▶ _Prompt_
Your job is to print, exactly, the lines in the data below from the line with "Le cratère Cova" through the line with "Tattoo gear tattoo", both included, and to omit any picture.

Records supplied: Begin

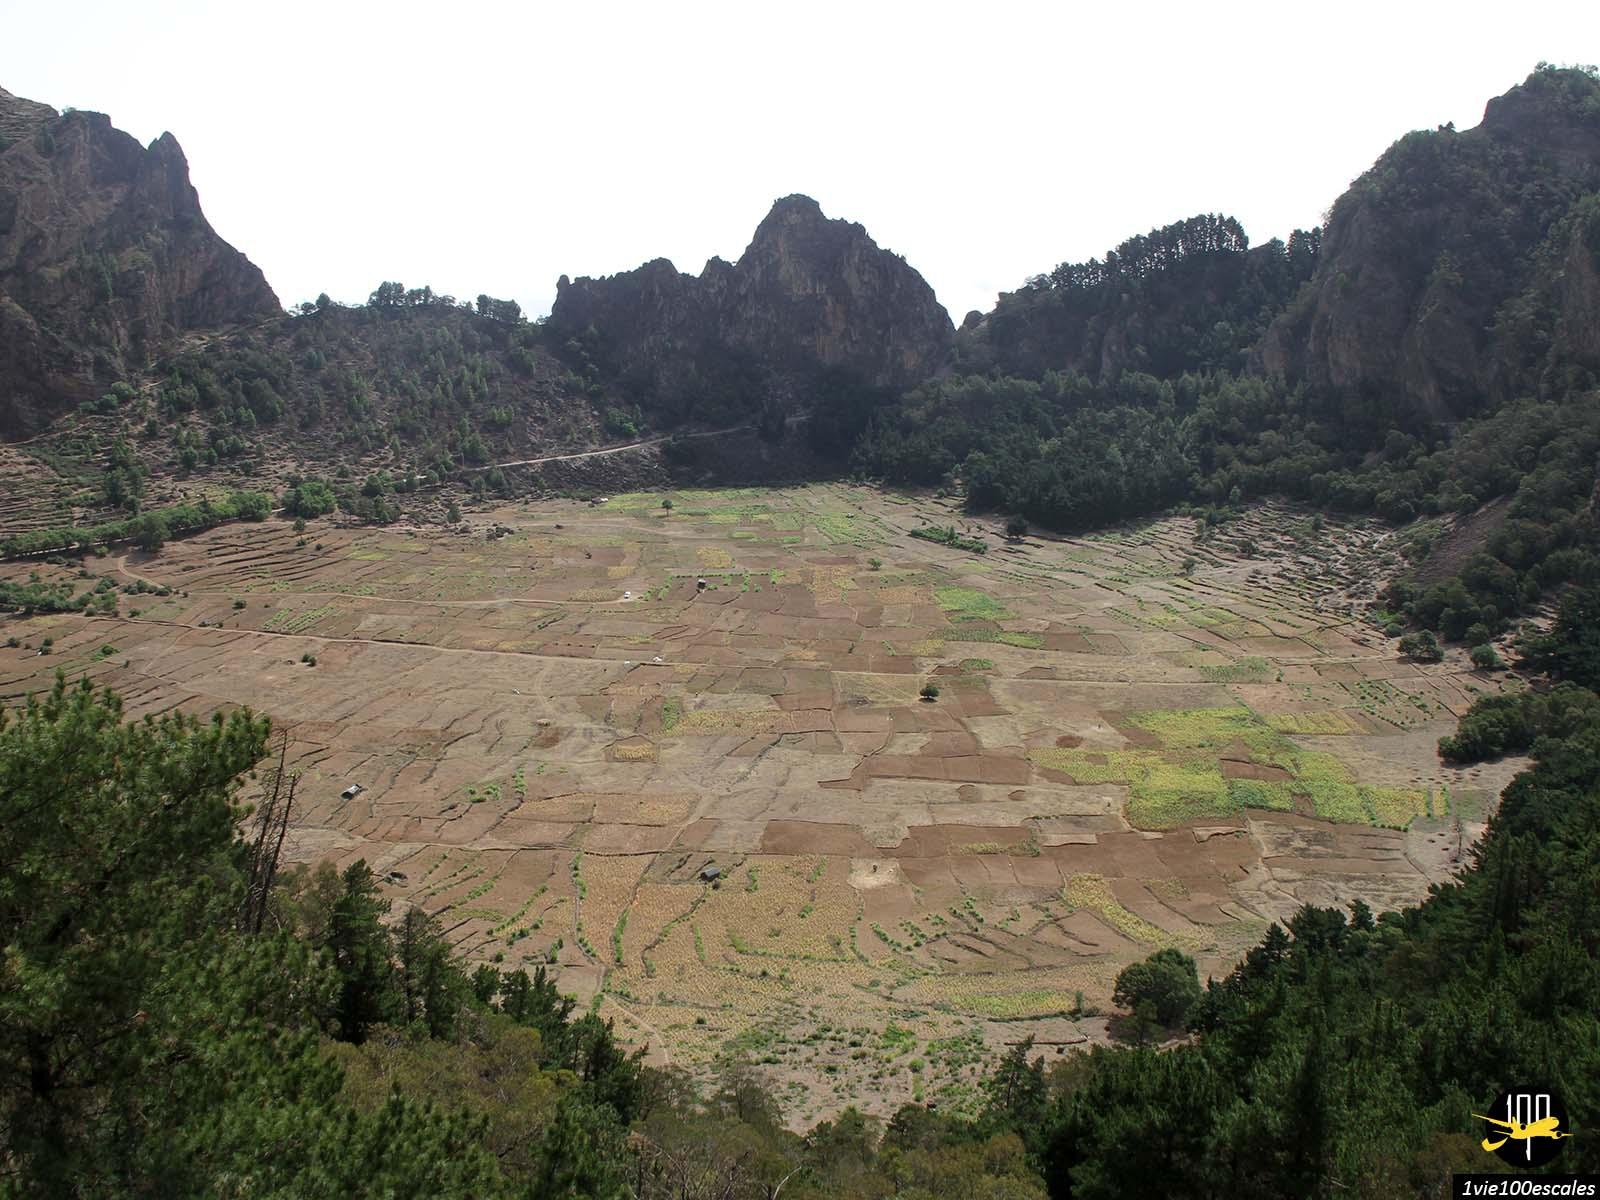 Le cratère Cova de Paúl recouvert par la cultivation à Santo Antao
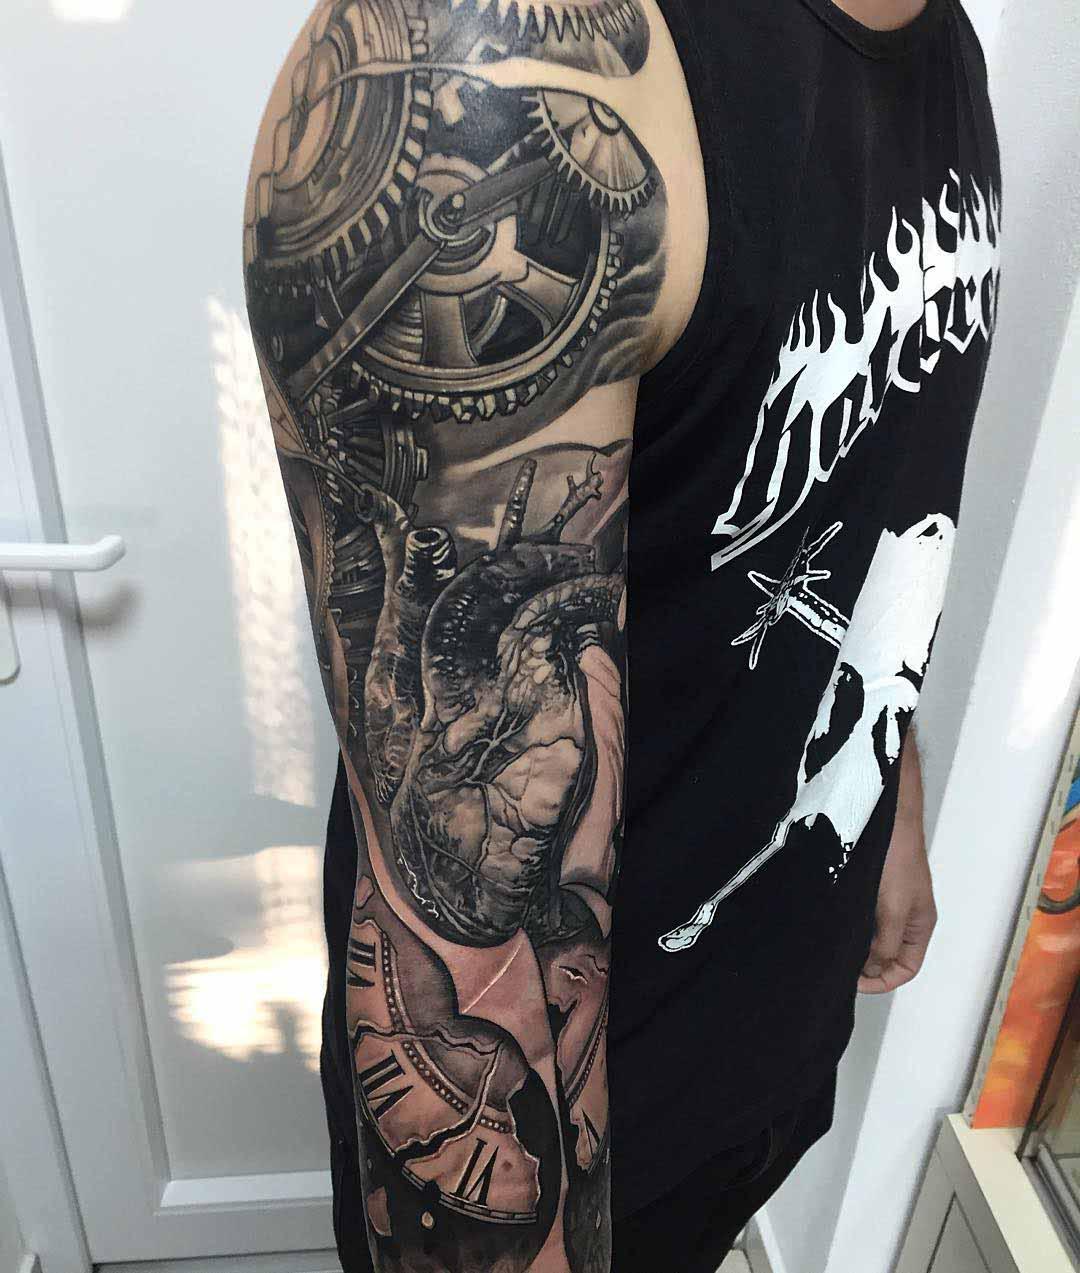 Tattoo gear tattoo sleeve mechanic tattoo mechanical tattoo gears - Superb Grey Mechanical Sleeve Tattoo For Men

Records supplied: End
Records supplied: Begin

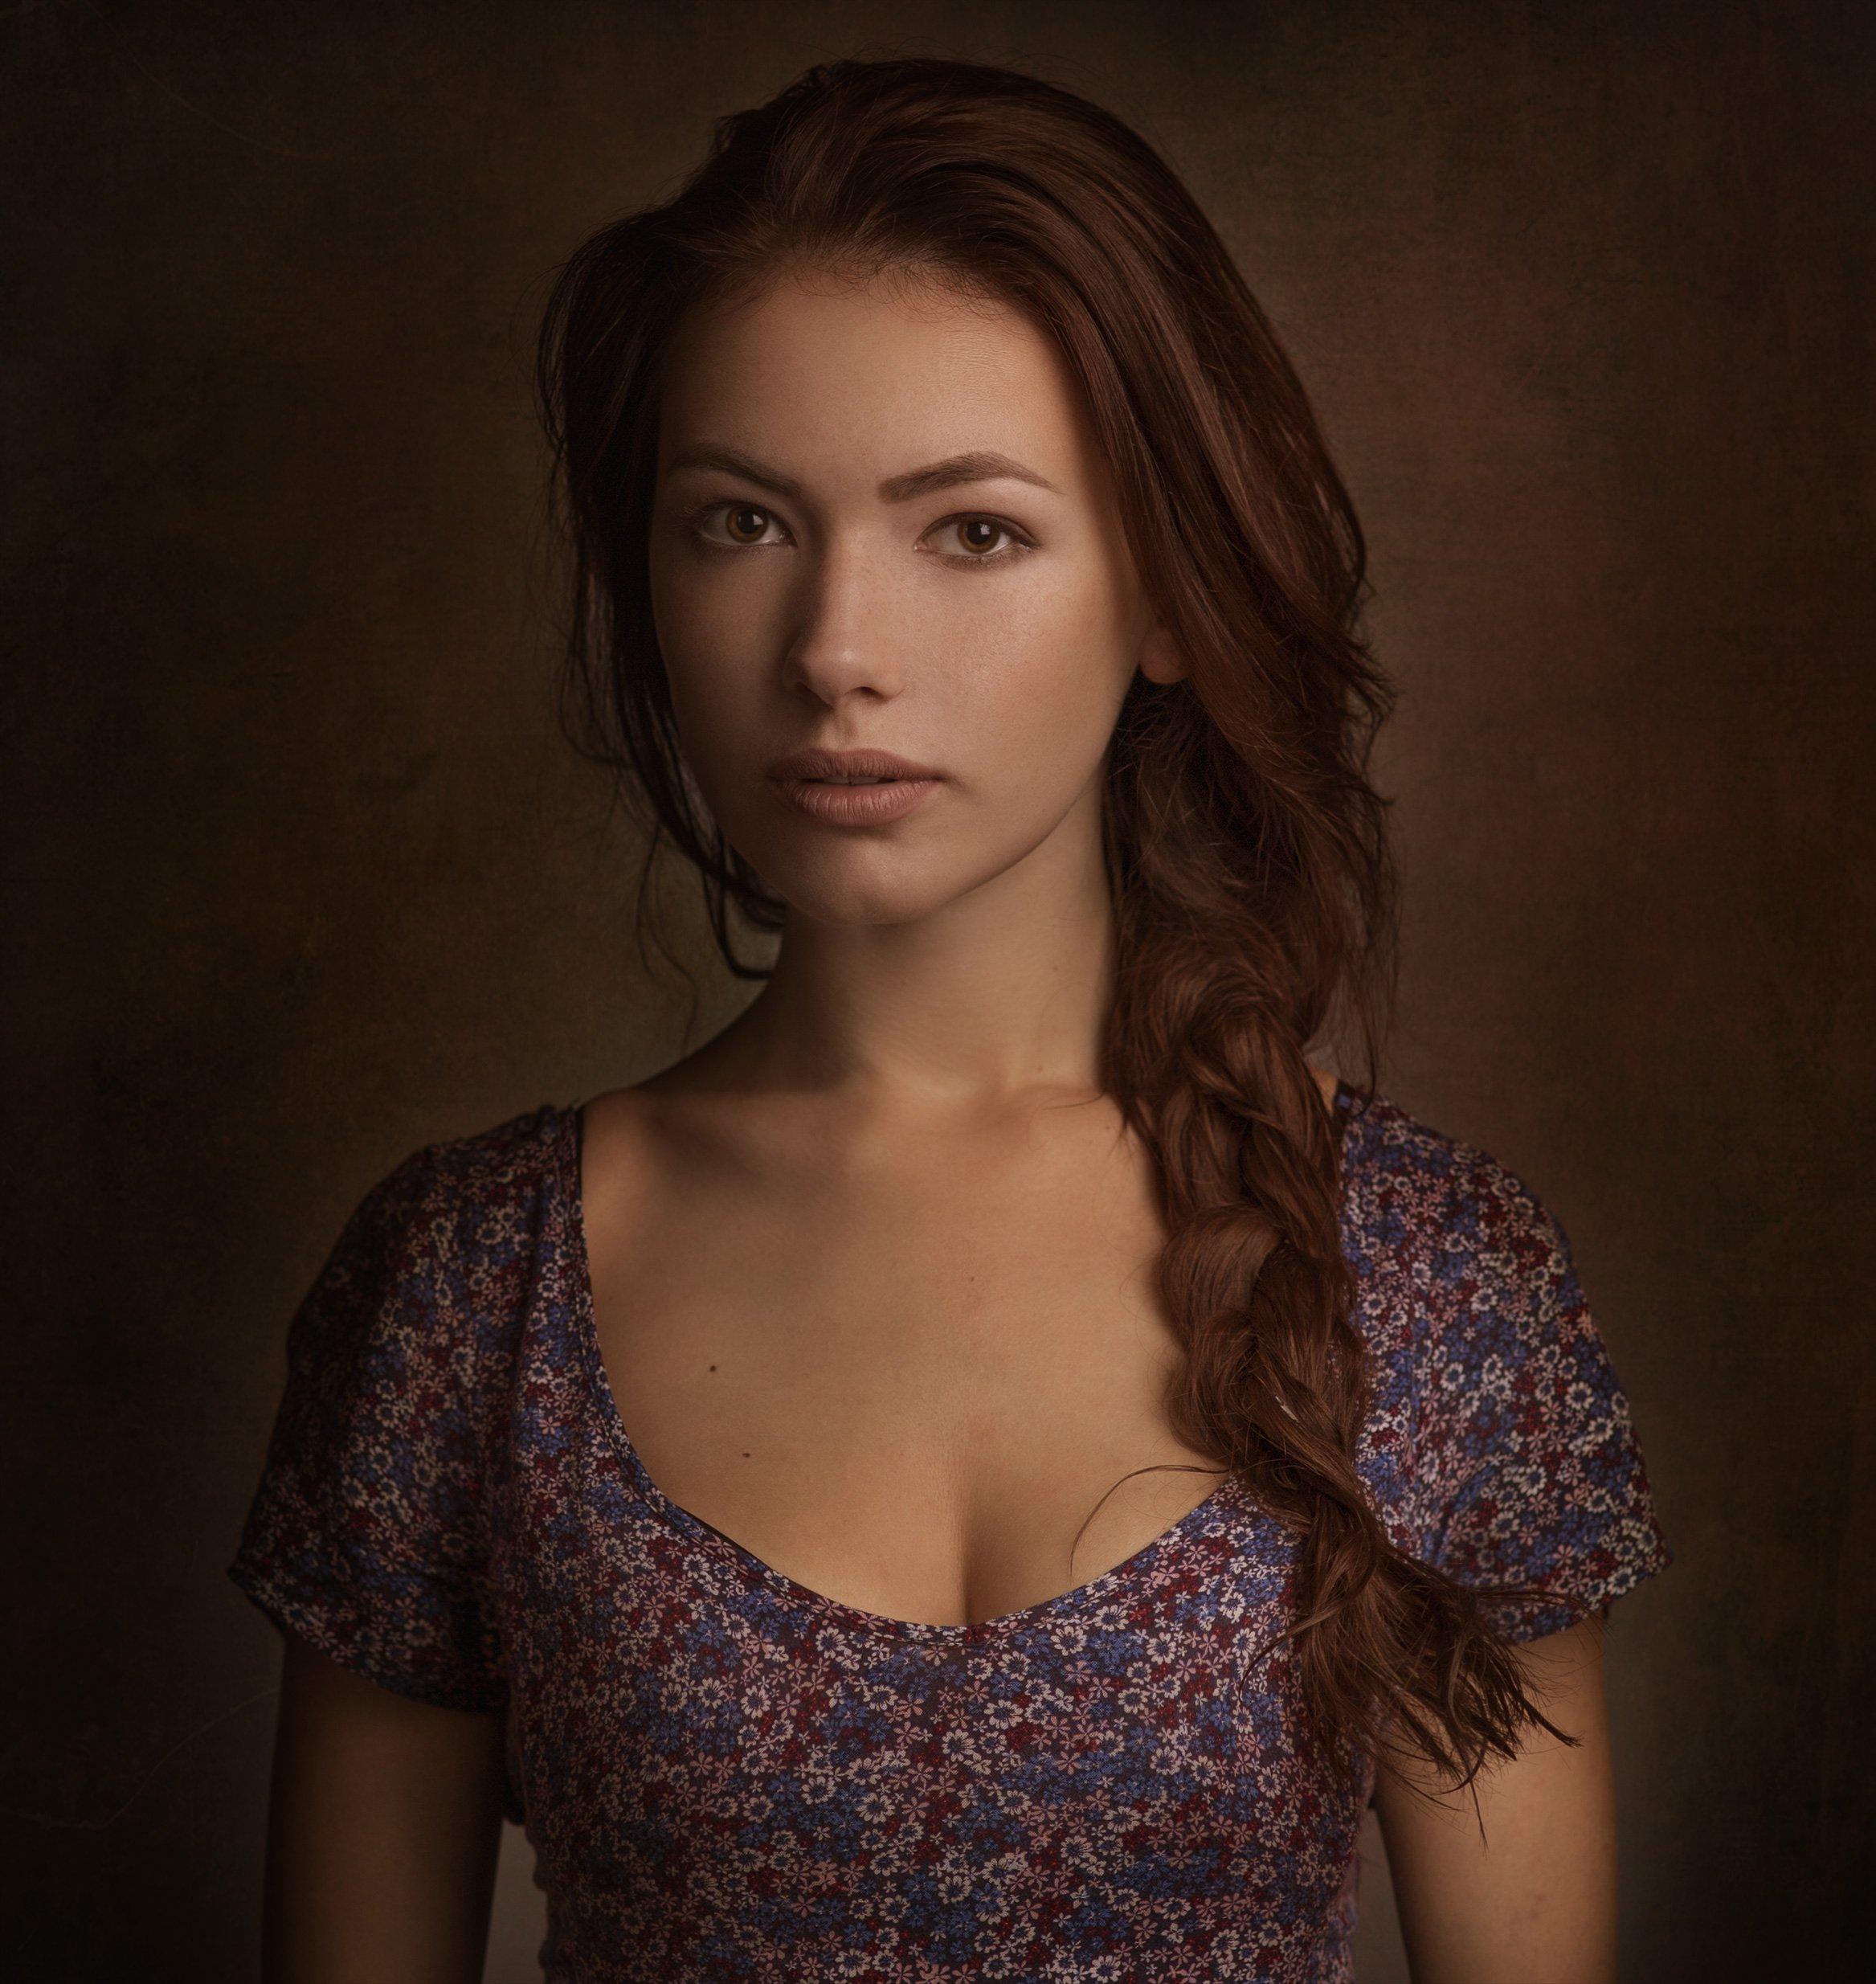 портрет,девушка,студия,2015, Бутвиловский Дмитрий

Records supplied: End

▶ _Expected answer_
 Le cratère Cova de Paúl recouvert par la cultivation à Santo Antao
 Tattoo gear tattoo sleeve mechanic tattoo mechanical tattoo gears - Superb Grey Mechanical Sleeve Tattoo For Men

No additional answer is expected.